A surge in religious and race hate crimes is causing renewed alarm within the town of Rotherham.

Children as young as five are said to have been racially abused and one estimate suggests a tenfold increase in hate crimes.

Community leaders have called for Government intervention amid claims that some of the crimes were going unpunished.

Others say local shoppers are travelling out of the town due to the number of far-right protest marches.

An advocate for abused children, Chrissy Meleady, said she had seen far right extremists chasing a family and screaming "Muslim paedophile" at a seven-year-old boy.

She said: "We've had children having their jaws and arms broken. We've had women walking home from shopping with their children running, trying to escape far right demonstrations with gangs of men chasing and roaring at them that they were going to harm them."

The number of attacks is said to have risen significantly since a report in 2014 found that 1,400 white children in Rotherham had been subjected to sexual abuse by predominantly Pakistani-heritage men.

Some community leaders say the recent terrorist attacks in Paris have inflamed an already toxic atmosphere in the town.

One taxi driver, Ashraf Ali, told Sky News he had been repeatedly attacked by people purely because he was a Muslim.

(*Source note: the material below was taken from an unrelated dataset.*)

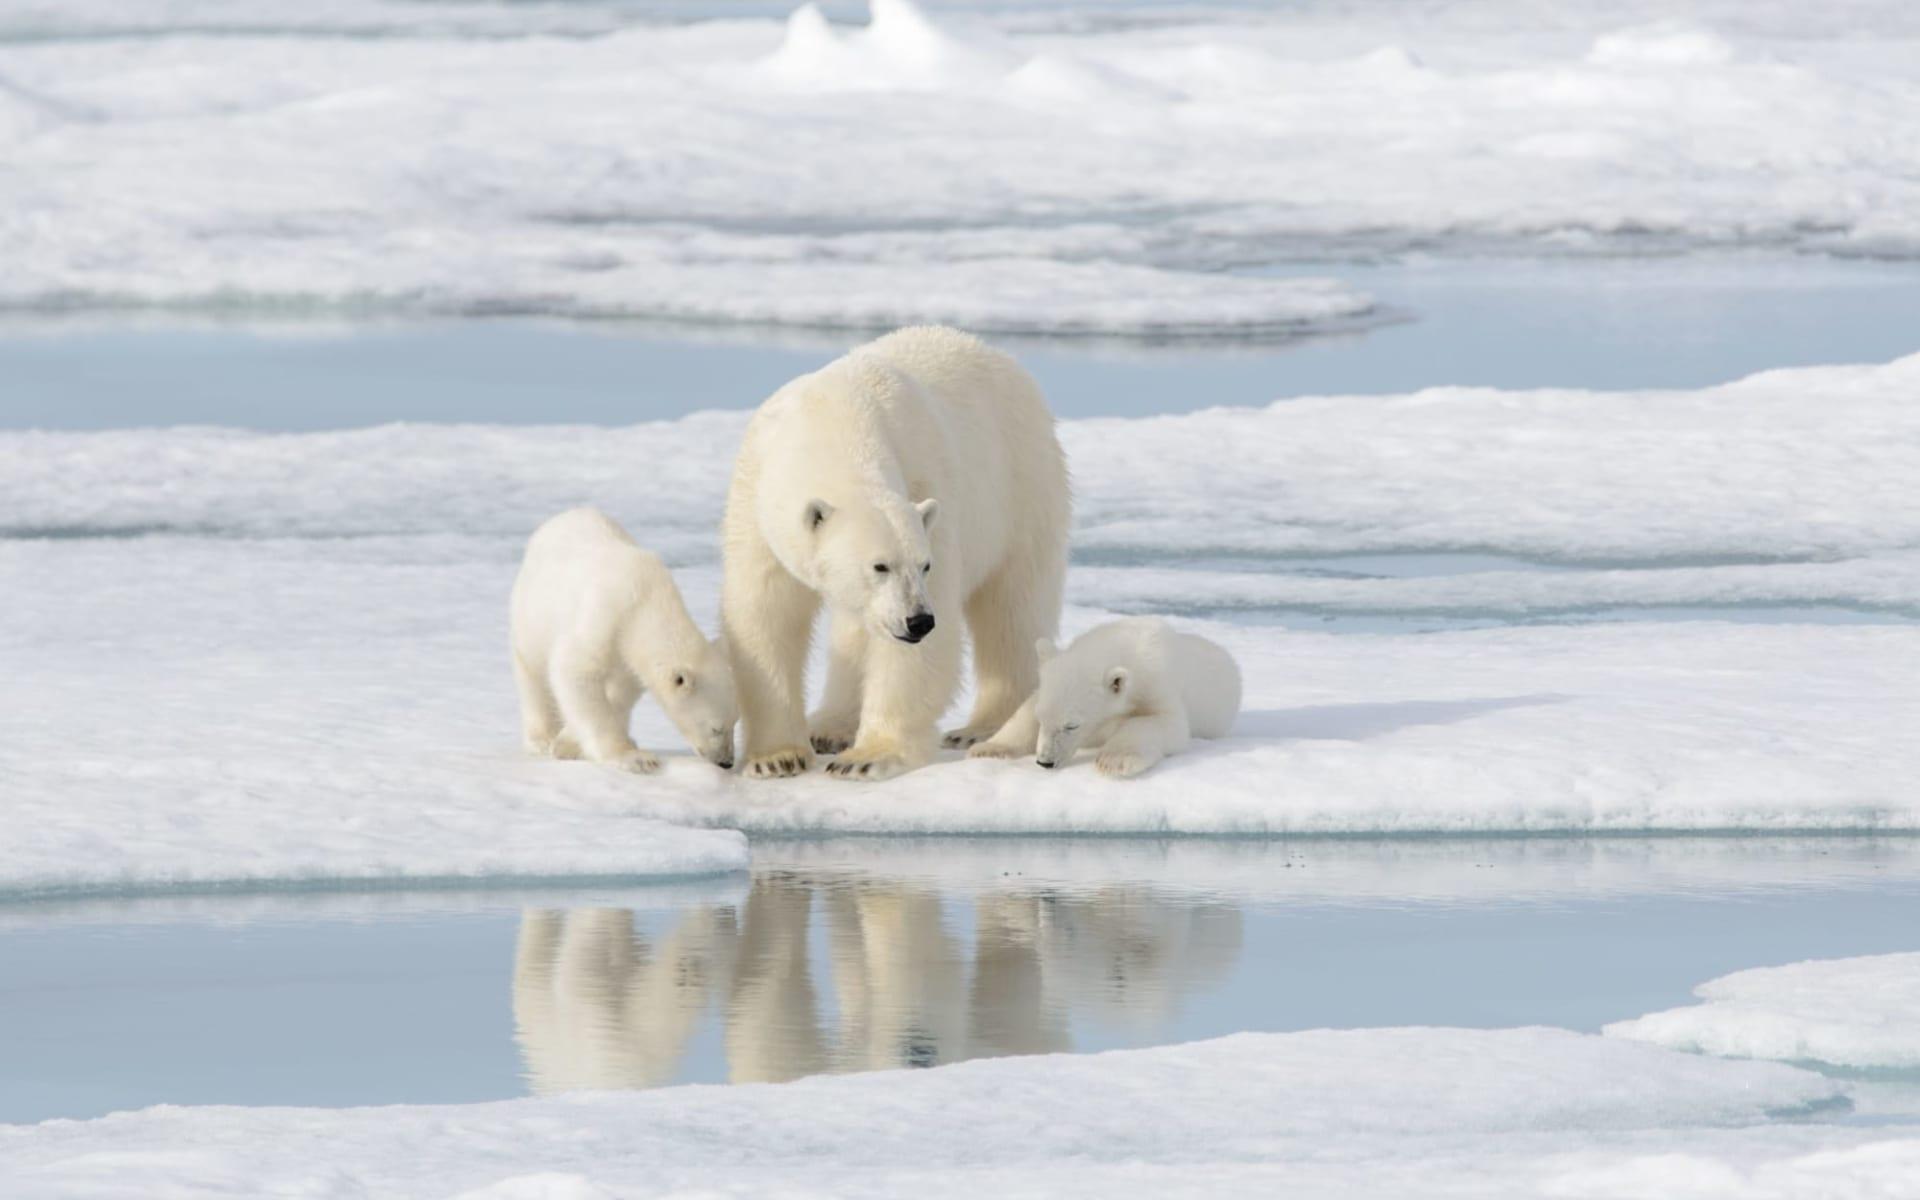 Eisbären-Abenteuer Hudson Bay im Winter ab Winnipeg: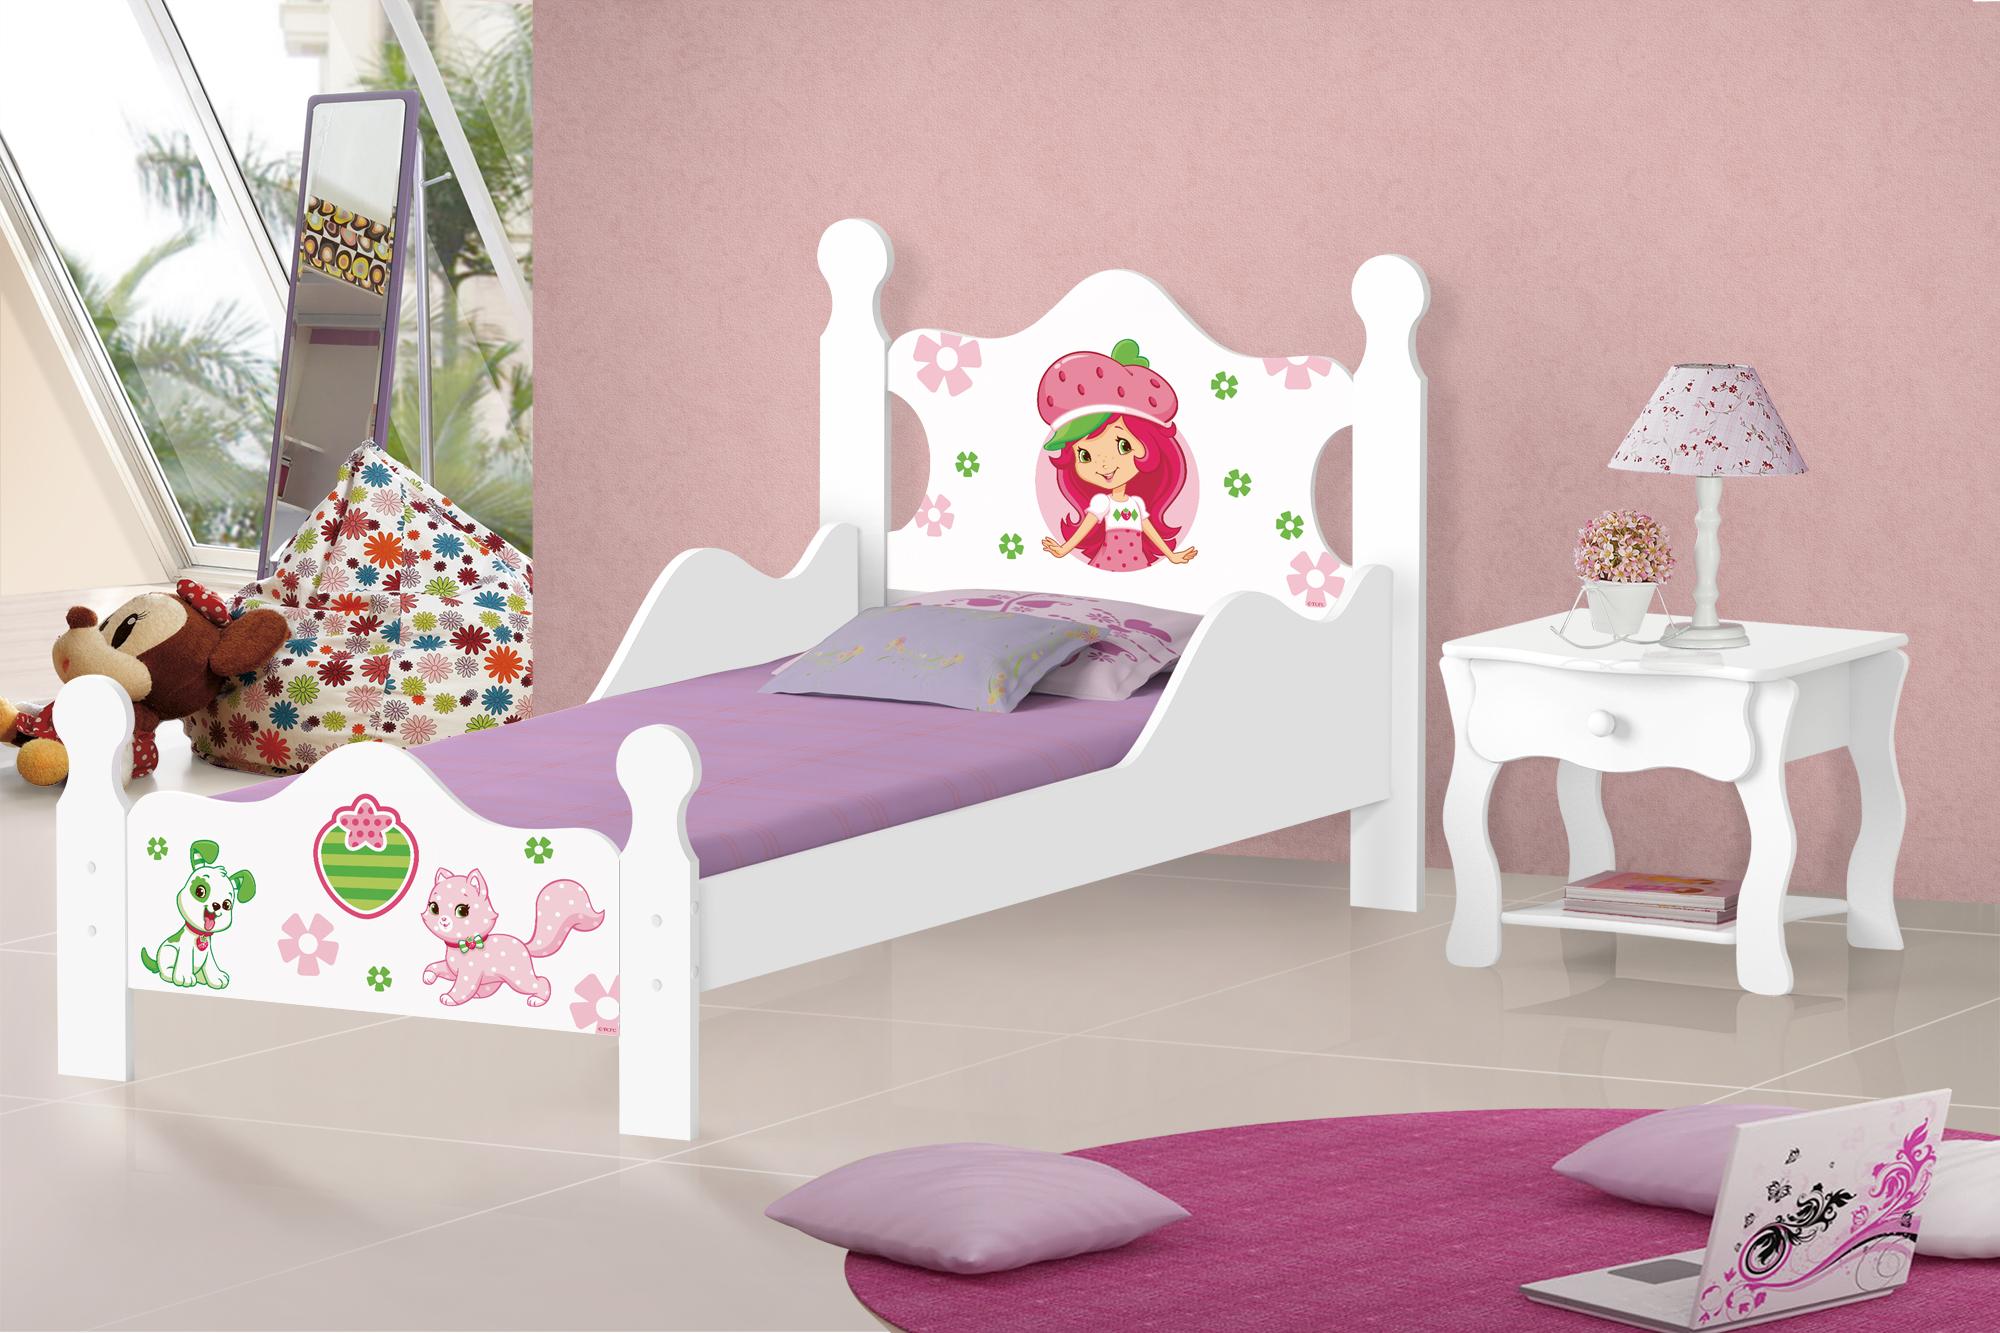 cama infantil branca feminina moranguinho com graded

"One put their hands through the hole in the screen between the back of the taxi and me and tried to choke me.

"I had to lean forward so they couldn't hit me. They tried to punch me and smash the perspex screen."

Some taxi drivers in the town have accused the extreme group Britain First of trying to "wind them up" by implying that innocent Muslims are involved in child grooming.

The group's deputy leader Jayda Fransen denied trying to inflame the situation in Rotherham.

After Sky News was initially denied access to her organisation's inaugural conference in Derbyshire she agreed to speak, telling us she thought the abuse of non-Muslim children was "an inherent part of Islam".

Rotherham's Labour MP Sarah Champion condemned the remarks, saying: "I find that an extraordinary comment and at best naive."

She added: "Where do you draw the line? First it's Islam and then what other faith is not good enough or what other way of living isn't good enough? It really disturbs me that people are saying that in public forums."